Israel has not, in fact, ensured complete equality of rights to all of its inhabitants. Between 1948 and 1966, the Arab citizens of Israel lived under military rule. Even today, there is governmental discrimination in the allocation of funds to predominantly Arab towns and cities, and there is discrimination in housing and employment against Arabs (sometimes government imposed, sometimes not – for example, in the last couple of years, the government has been pushing for employers to hire Arab college graduates, who have generally had a very hard time getting hired in certain professions).

It is the third demand of PACBI that is the problem – that Israel agrees to “respect, protect, and promote the rights of Palestinian refugees to return their homes and properties.” Refugees from the 1948 war numbered about 711,000 people. As of 2012, 30,000-50,000 were still alive. Their descendants, as of 2012, are estimated to number 4,950,000, with a total number of 5 million people (according to UNRWA). If the PACBI demand covers only the people who themselves are refugees from 1948, then there would be no particular problem in those 30,000-50,000 people returning to what is now Israel. Since the places that they live are probably now occupied by other people, Israel would have to find comparable places for them to live. The problem is that the demand of return covers the descendants as well. If all of those people go to Israel, the population will become majority Arab-Palestinian, and the country will no longer be majority Jewish.

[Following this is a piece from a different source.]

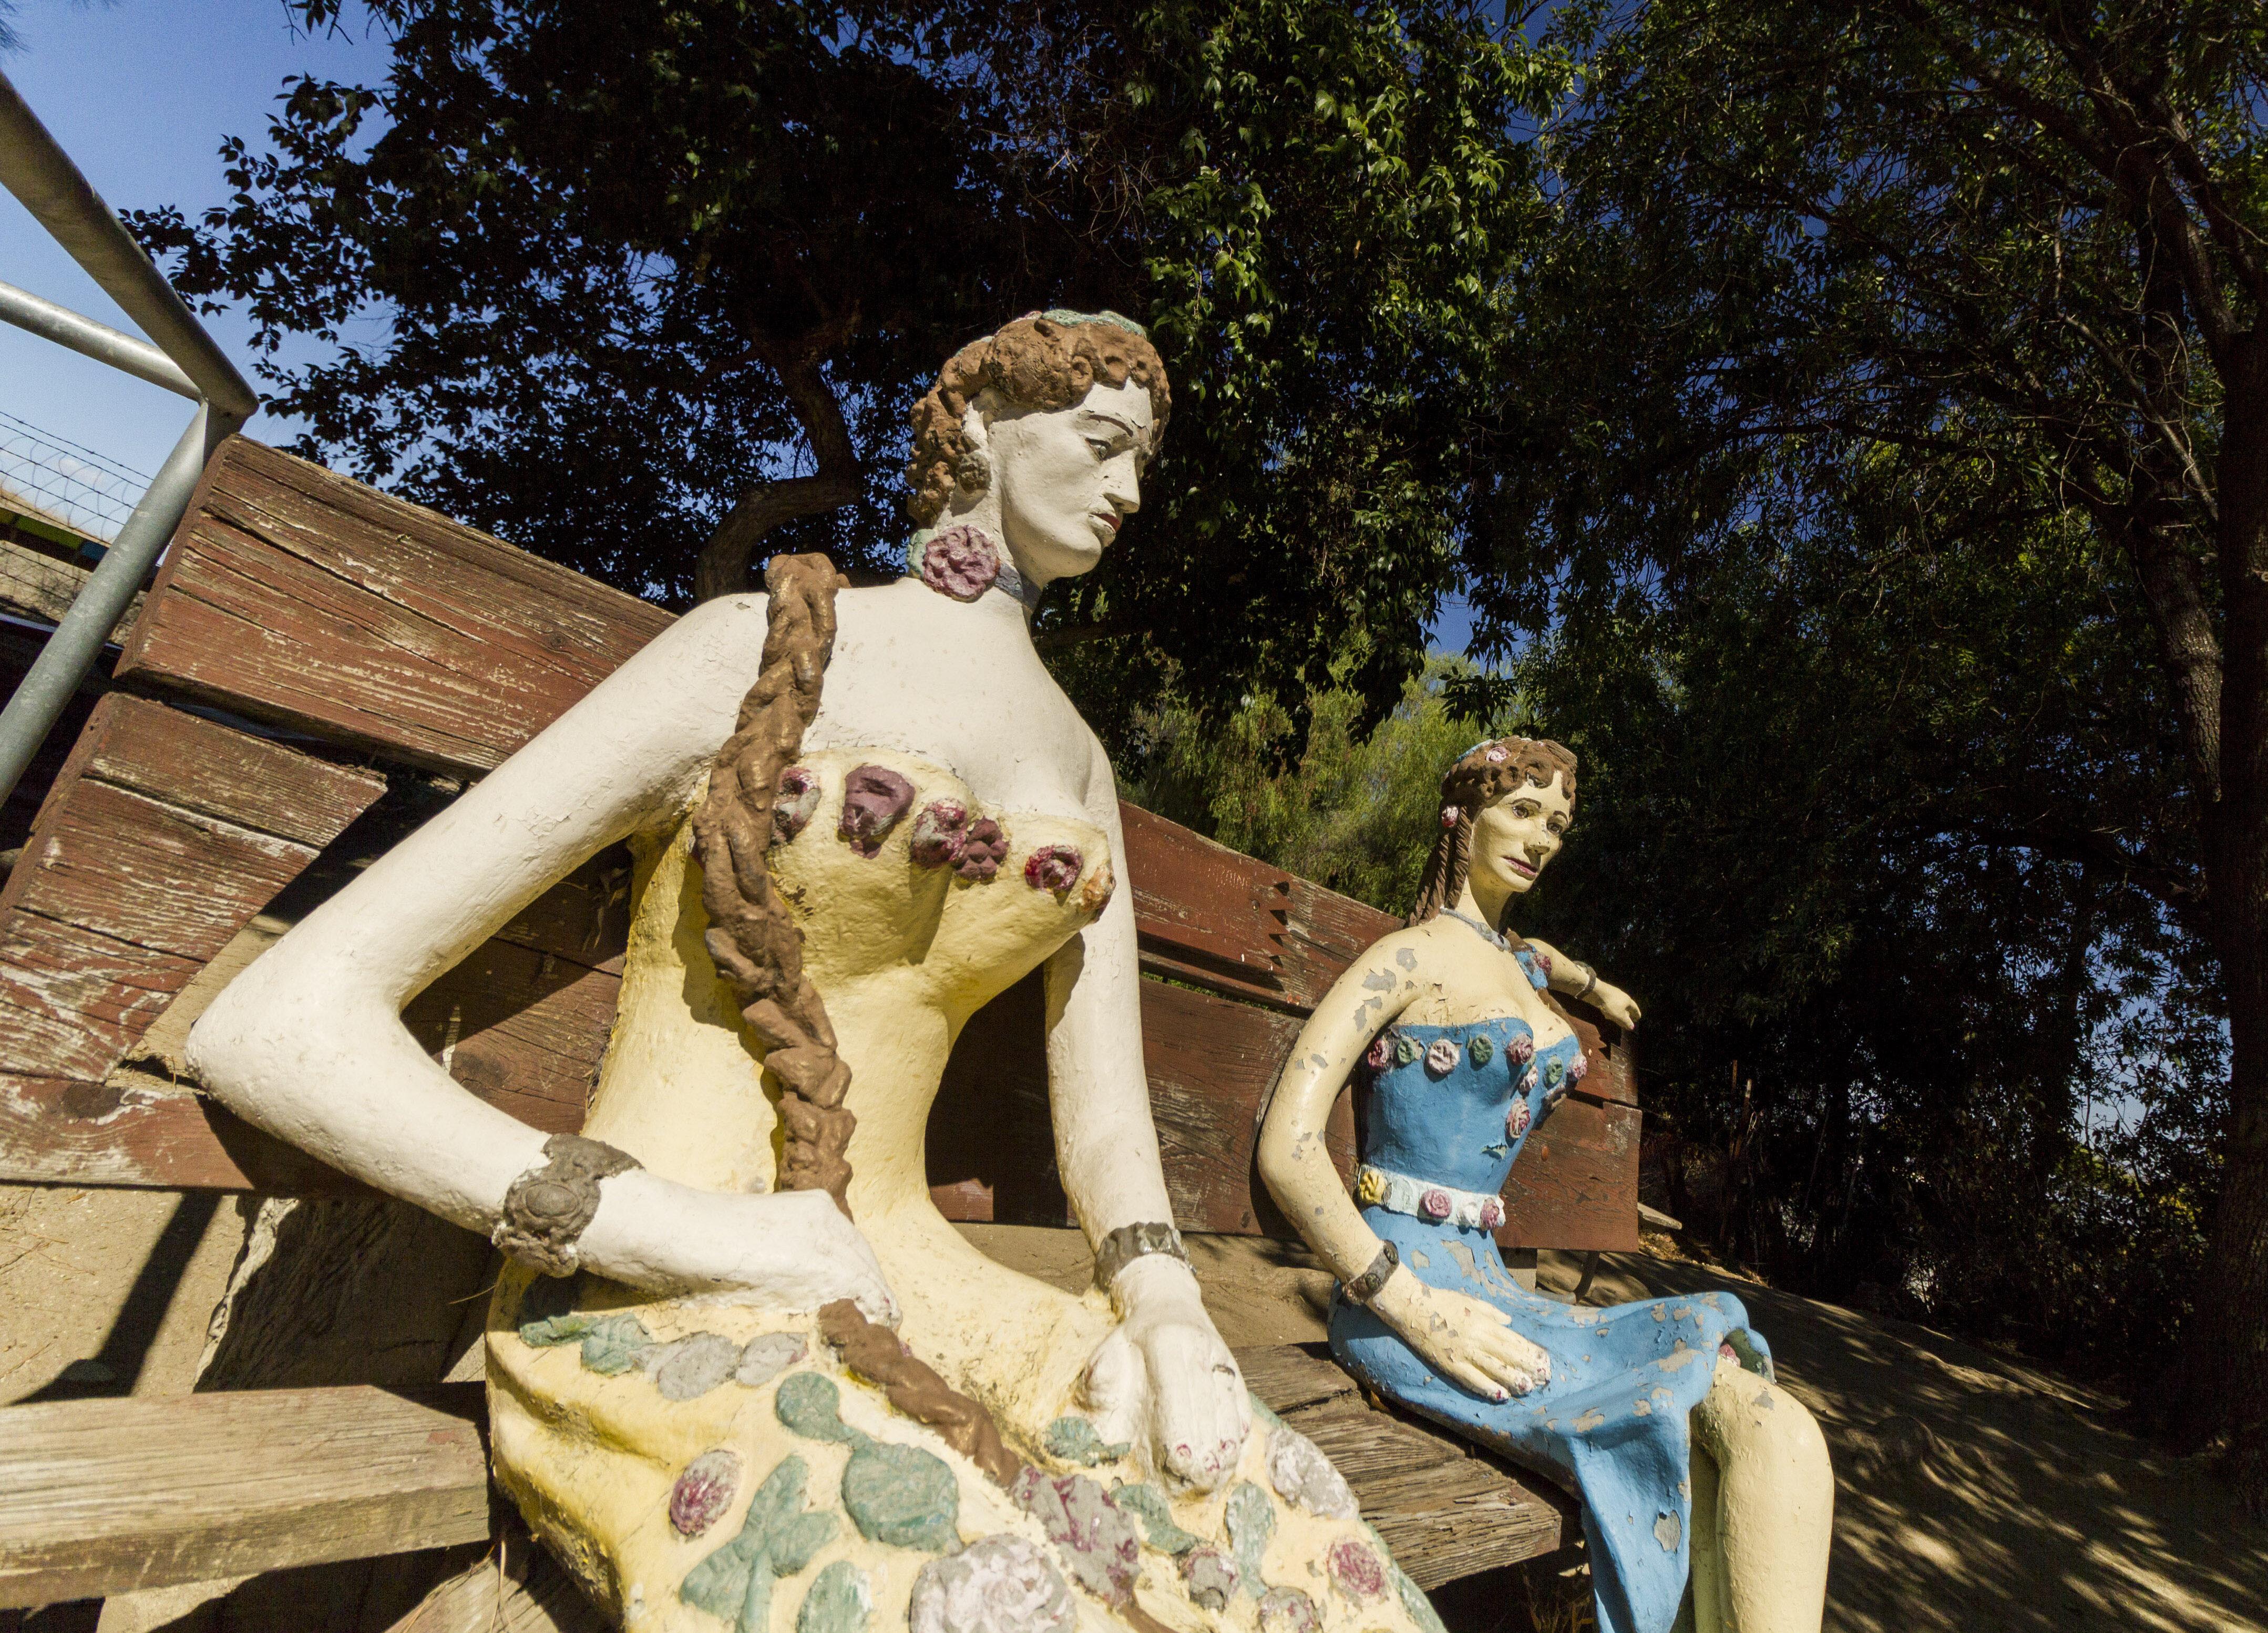 Column: Racist statues still on campus

If the goals of BDS, as articulated by PACBI, are met, the state of Israel will cease to exist as a Jewish state, and the Jews living within its boundaries will become a minority.

The claim is often made that a “one-state solution” is ideal – that Jews and Arabs should live together in one state where the rights of each group will be safeguarded. There is no evidence from the history of the Jews in the surrounding Arab states that such a thing could be possible. For example, in Egypt, there are very few Jews left, perhaps about a hundred. There are probably no Jews left in Syria. The Jews of the Arab world, who numbered about 900,000 in 1948, have dwindled to tiny minorities in all of the Arab states. They were driven out or fled because of anti-Jewish persecution. Many of them went to Israel in the late 1940s and 1950s, while others went to France, other European countries, and the United States. Is there any reason to suppose that a new state with an Arab majority will treat its Jewish residents any better than the other Arab states?

If the ultimate goal of PACBI and the BDS movement is to make Jews a minority in an Arab dominated state, I see no reason why anyone with a concern for justice would support this movement.